Нет, не так, не то… Все не то! Нужно исправить, укрепить в глазах царя свое положение и не радоваться тому, что возмутившиеся башкиры не пропускают Аристова к Уфе, а, постараться скорее смять, сломить их сопротивление и прорвавшееся возмущение перевести в безоговорочную их покорность.
– Что это там?.. – прислушался он к шуму, доносящемуся к нему со двора.
То – огорчение, неприятность, а то – в один и тот же час – нежданная радость. Дорогим посланцем от самого государя припожаловал к уфимскому воеводе бывший петербургский гостинодворский купец, а теперь промышленных дел старатель Артамон Лукич Шорников, чтобы выбрать в Приуралье подходящее место для постройки железоделательного завода. Для ради приятного знакомства не преминул вчерашний купец – завтрашний заводчик – привезти уфимскому воеводе подарок ради их будущих дружеских отношений, и со всей подобающей такому случаю церемонией были высказаны слова обоюдной любезности.
Никто других гостей не сзывал, а они явились сами, неведомо когда и кем оповещенные о прибытии петербургского купца, и в воеводскую канцелярию набрались любопытные. Среди них были богатый башкирин Кадрай-тархан и мулла Хасан.
– Ай-е!.. Ай-е!.. – причмокивая губами, выражали они свое удивление, а удивляться было чему, наблюдая, как возчики вносили в воеводскую канцелярию обшитый рогожами низкий, но длинный ящик, осторожно протиснувшись с ним в дверь.
Ящик бережно опустили на пол, сняли с него рогожу, кошму, а под кошмой оказалась прослойка пуха, и вдруг все увидели, что потолок воеводской канцелярии опрокинулся в этот ящик и залег в нем, повторившись своим отражением. Улыбался воевода Аничков, улыбался его гость Артамон Лукич Шорников, улыбались все наблюдавшие, а лицо Кадрай-тархана выразило вдруг явное недоумение, когда он, Кадрай, вдруг увидел себя на дне этого ящика.
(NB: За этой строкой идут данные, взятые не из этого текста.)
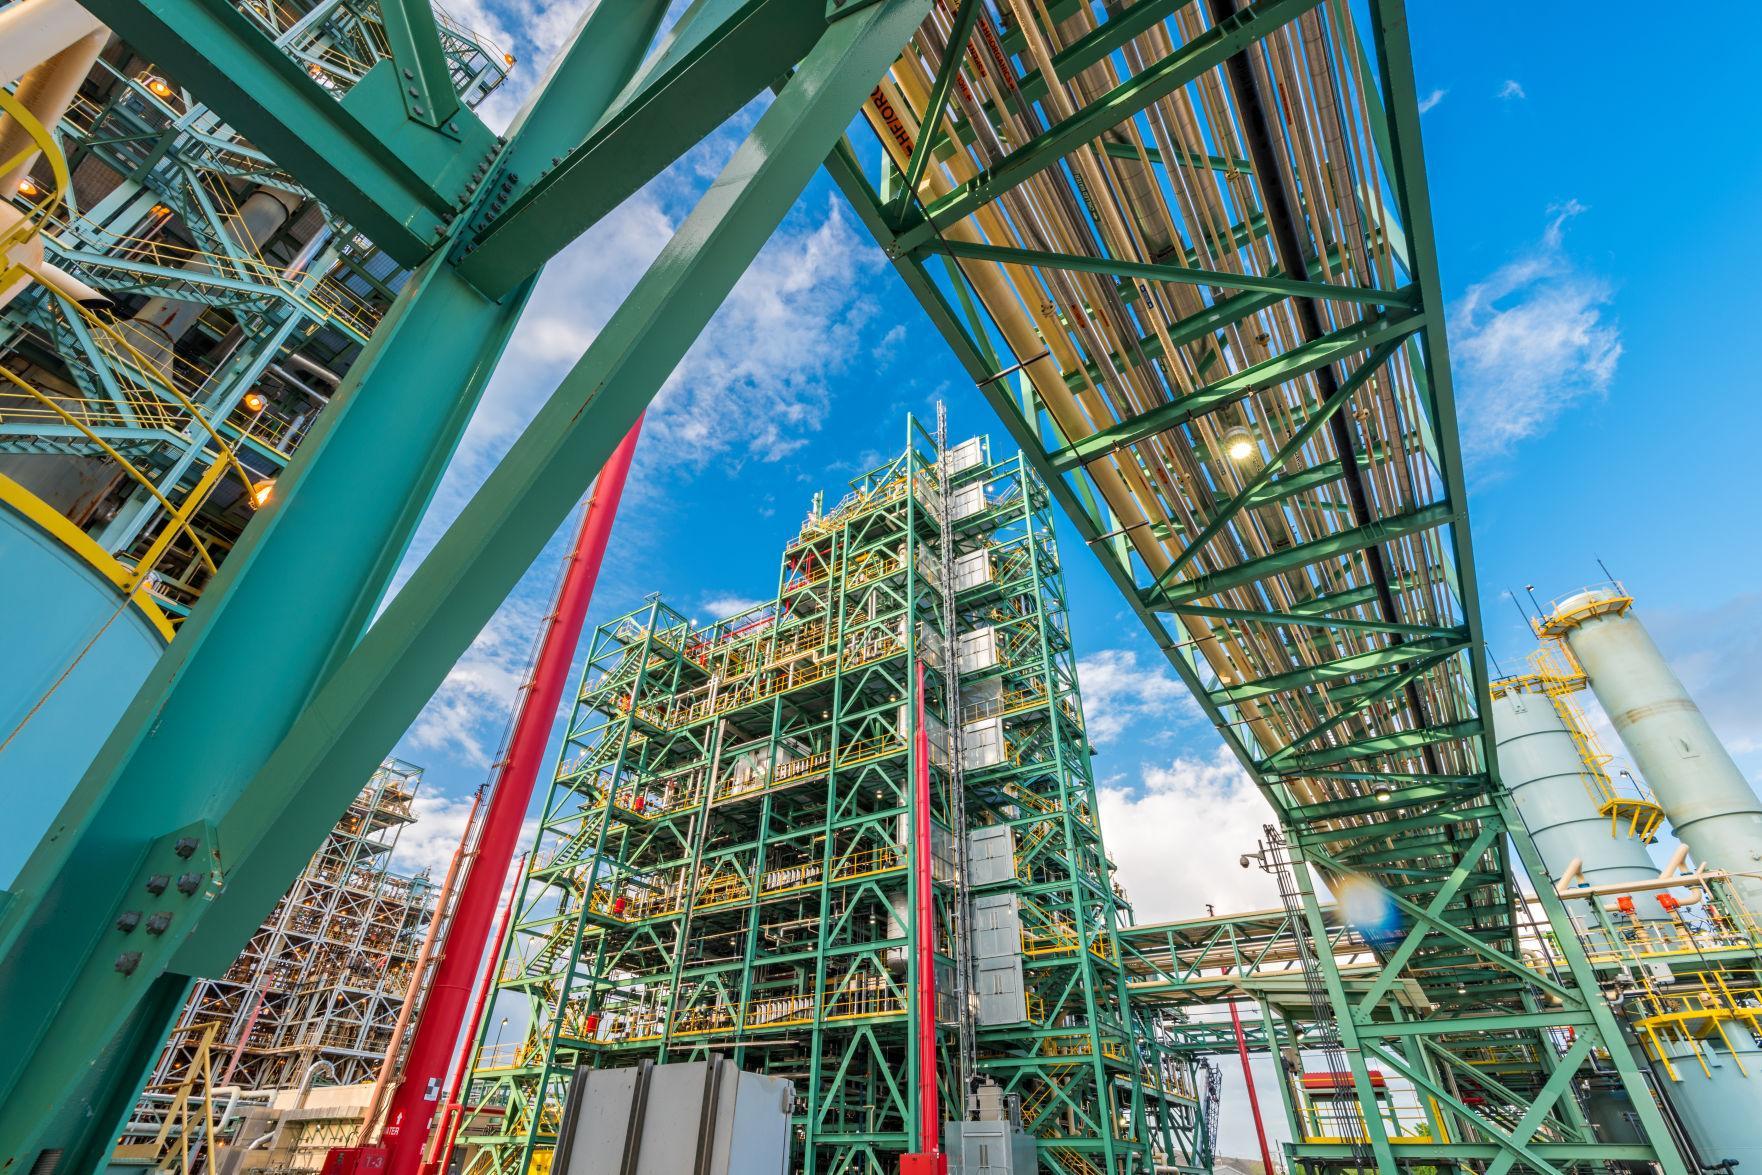 New-Honeywell-plant-to-produce-auto-refrigerant

– Зеркало! – восхищенно воскликнул Аничков.
– Ай-е… Зеркало… – повторил за ним Кадрай-тархан, узнав, как называется такая вещь.
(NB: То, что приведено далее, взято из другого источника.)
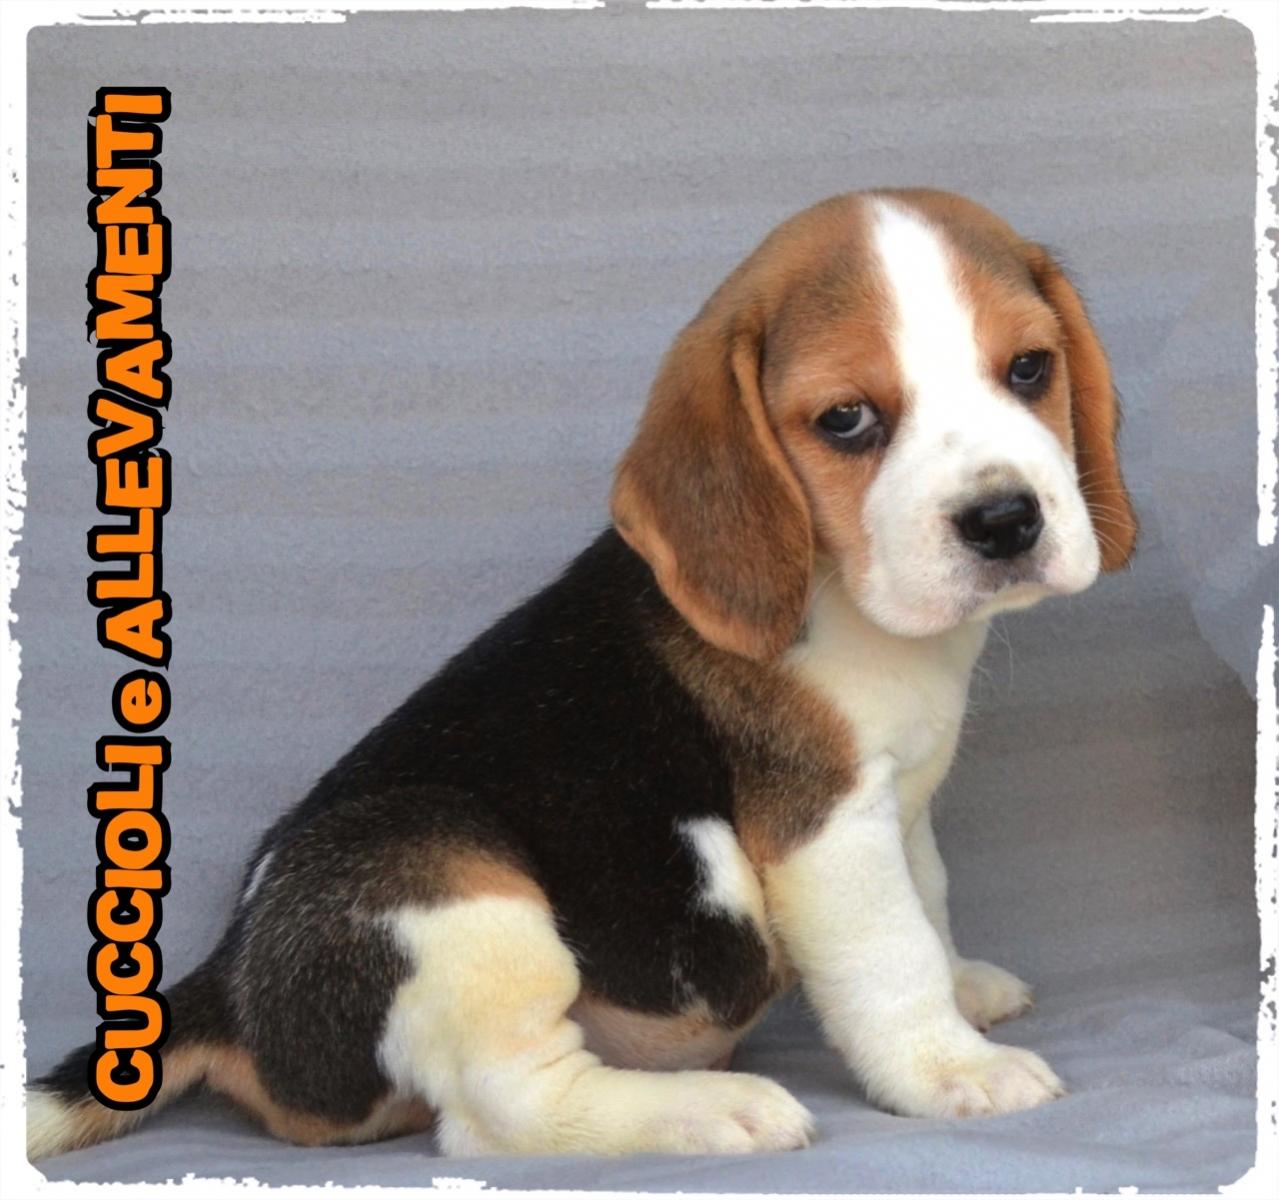 Beagle 27_wm

Весь простенок от пола до потолка заняло собой это зеркало в богатой оправе и творило свои чудеса. Вот – словно проплыл в нем сам воевода; вот – будто надвинулся из-за рамы и показался стол с лежащими на нем бумагами, а вот вдруг и другой, тоже живой мулла Хасан в таком же халате и в такой же чалме. Увидел мулла себя и сначала испуганно отшатнулся, а потом засмеялся, ткнул в себя, другого, пальцем и от изумления икнул.
– Ай-е!.. Ай-е!.. – повторял Кадрай-тархан.
Он подвел к зеркалу воеводского писаря Уразая, и даже этот совсем небольшой по своему чину и званию человек во весь рост повторился в зеркале. Даже простой писарь! Это было просто удивительно. Значит, зеркало может и любого другого так же вот повторить? Даже приходящего к воеводе с жалобой мещеряка или вовсе дервиша-оборвыша во всем его неприглядном виде? Или потом нужно будет от этого зеркало как-нибудь очищать?..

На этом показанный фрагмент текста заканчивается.